2025 Income Tax Return: Filing Season Opens April 9, 2026 — Key Dates and Updates
France's 2025 income tax return campaign opens on April 9, 2026. Deadlines vary by department. Here's what entrepreneurs and business owners need to know.
Expert note: This article was written by our chartered accountancy firm. Information is current as of 2026. For a personalised review of your situation, contact us.
2025 Income Tax Return in France: Everything Business Owners and Expats Need to Know#
France's 2025 income tax return campaign opened on April 9, 2026 at impots.gouv.fr. Unlike the US, where the federal deadline is a single date (April 15), France staggers deadlines by geographic zone. Every French tax resident — including foreign nationals and expatriates living in France — must file a personal income tax return.

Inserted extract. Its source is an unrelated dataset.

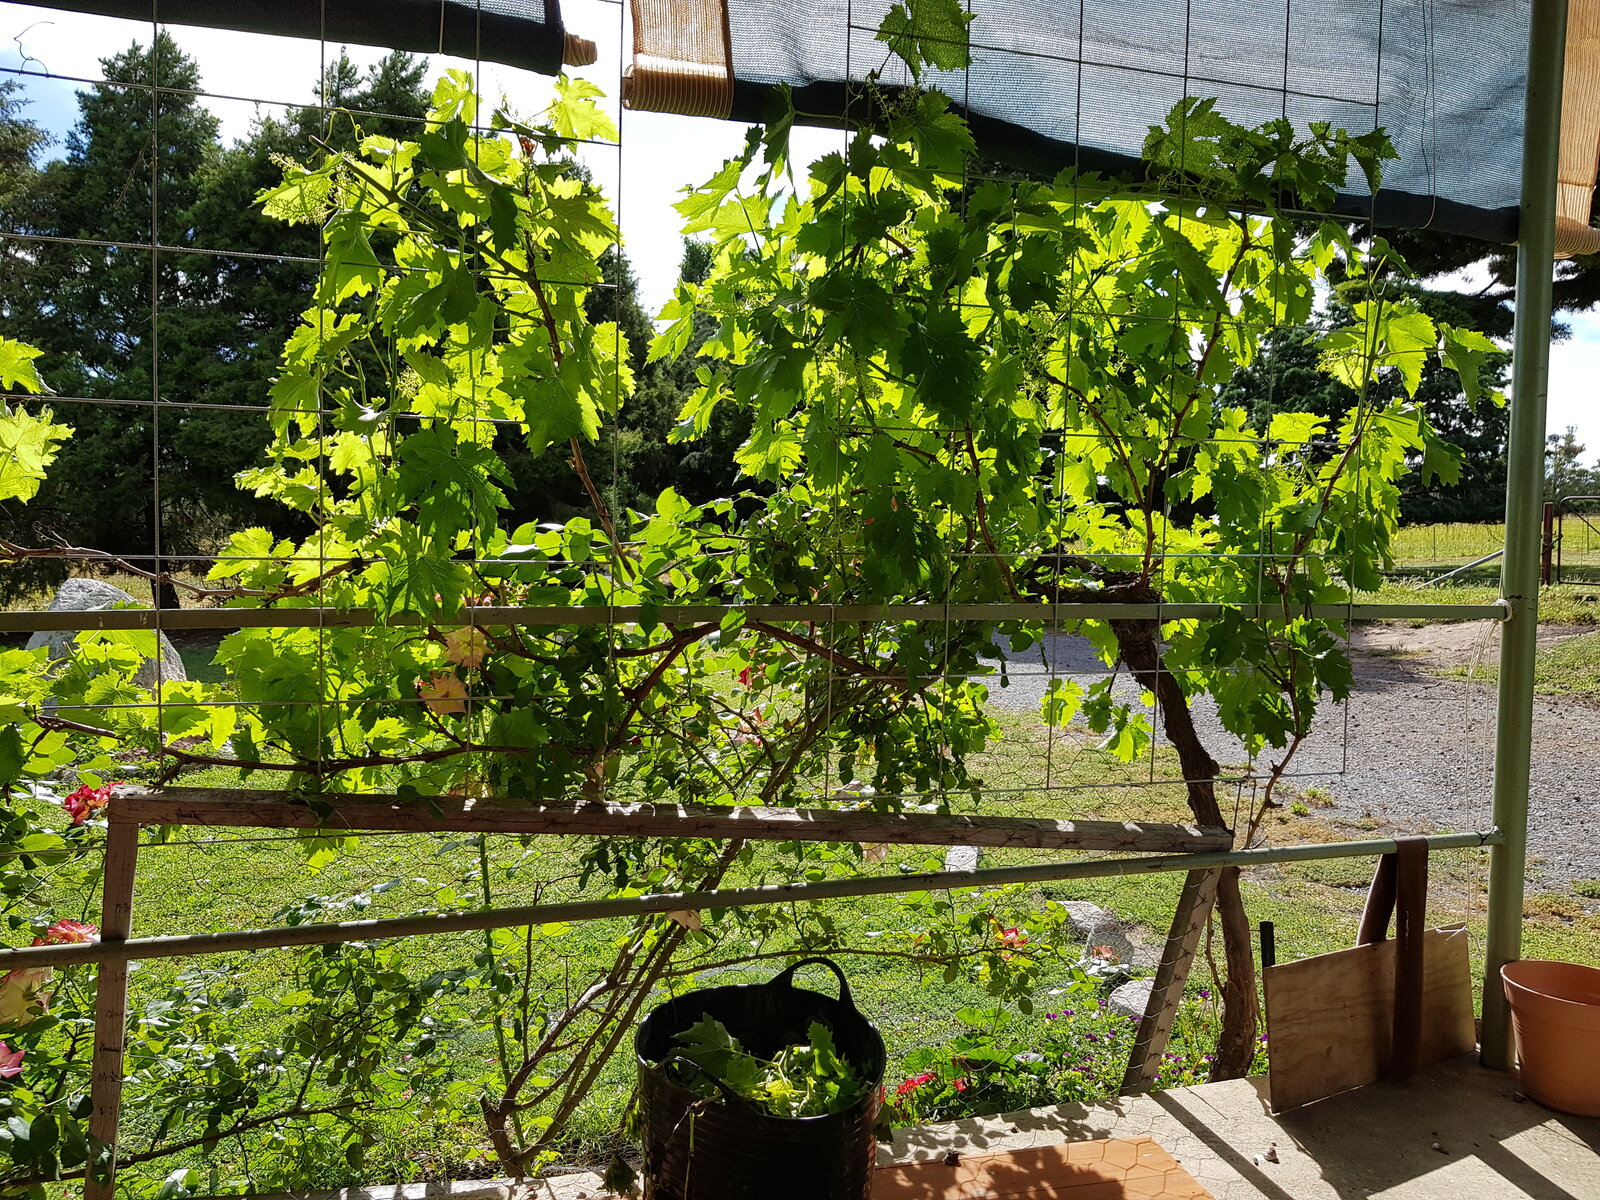 The grape vine acts as a sunshield for the veranda and sitting room
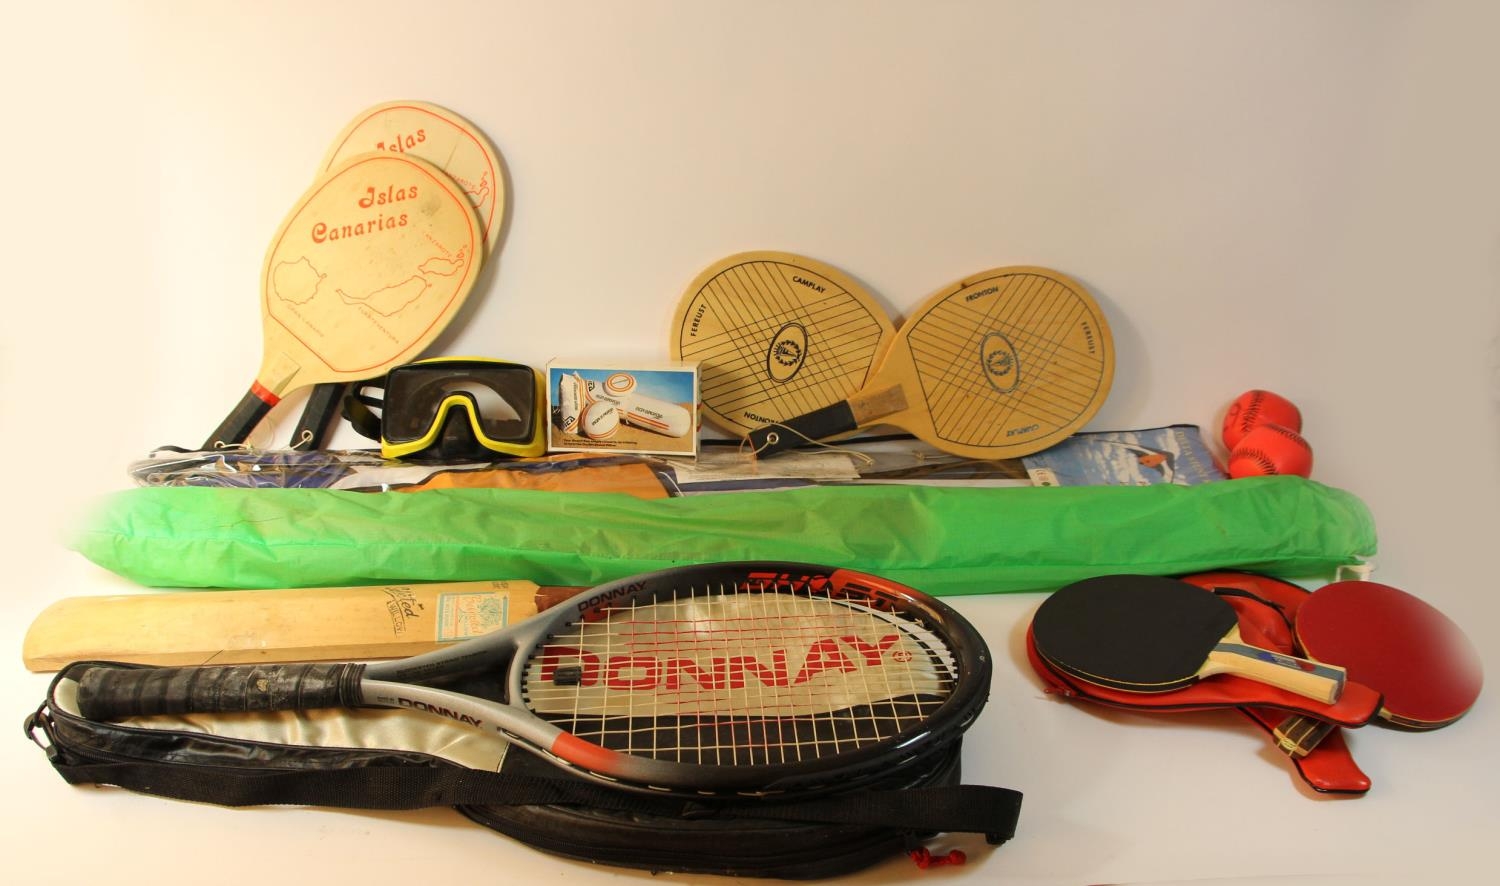 Two stunt kites together with sporting equipment to include, cricket bat & balls, tennis rackets and

Filing Deadlines by Department#
| Zone | Departments | Online deadline |
|---|---|---|
| Zone 1 | 01–19 + Non-residents | May 21, 2026 (11:59 pm) |
| Zone 2 | 20–54 | May 28, 2026 (11:59 pm) |
| Zone 3 | 55–976 | June 4, 2026 (11:59 pm) |
| Paper filing | All (exceptional cases only) | May 19, 2026 (postmark) |
Paper filing is only permitted if you have no internet access or cannot file online. Filing on paper without a valid reason incurs a 15 % surcharge on the tax due.
Non-residents with French income: If you have French-source income (rental income, dividends from a French company, director's fees, capital gains on French property) but are not a French tax resident, you fall under Zone 1 rules and must file a non-resident return (Formulaire 2042 NR). A tax treaty may limit French taxation, but you must still file to claim treaty benefits.
2026 Tax Brackets: Updated for 2025 Income#
The 2026 Finance Act adjusted the progressive income tax scale upward by 1.8 % for inflation.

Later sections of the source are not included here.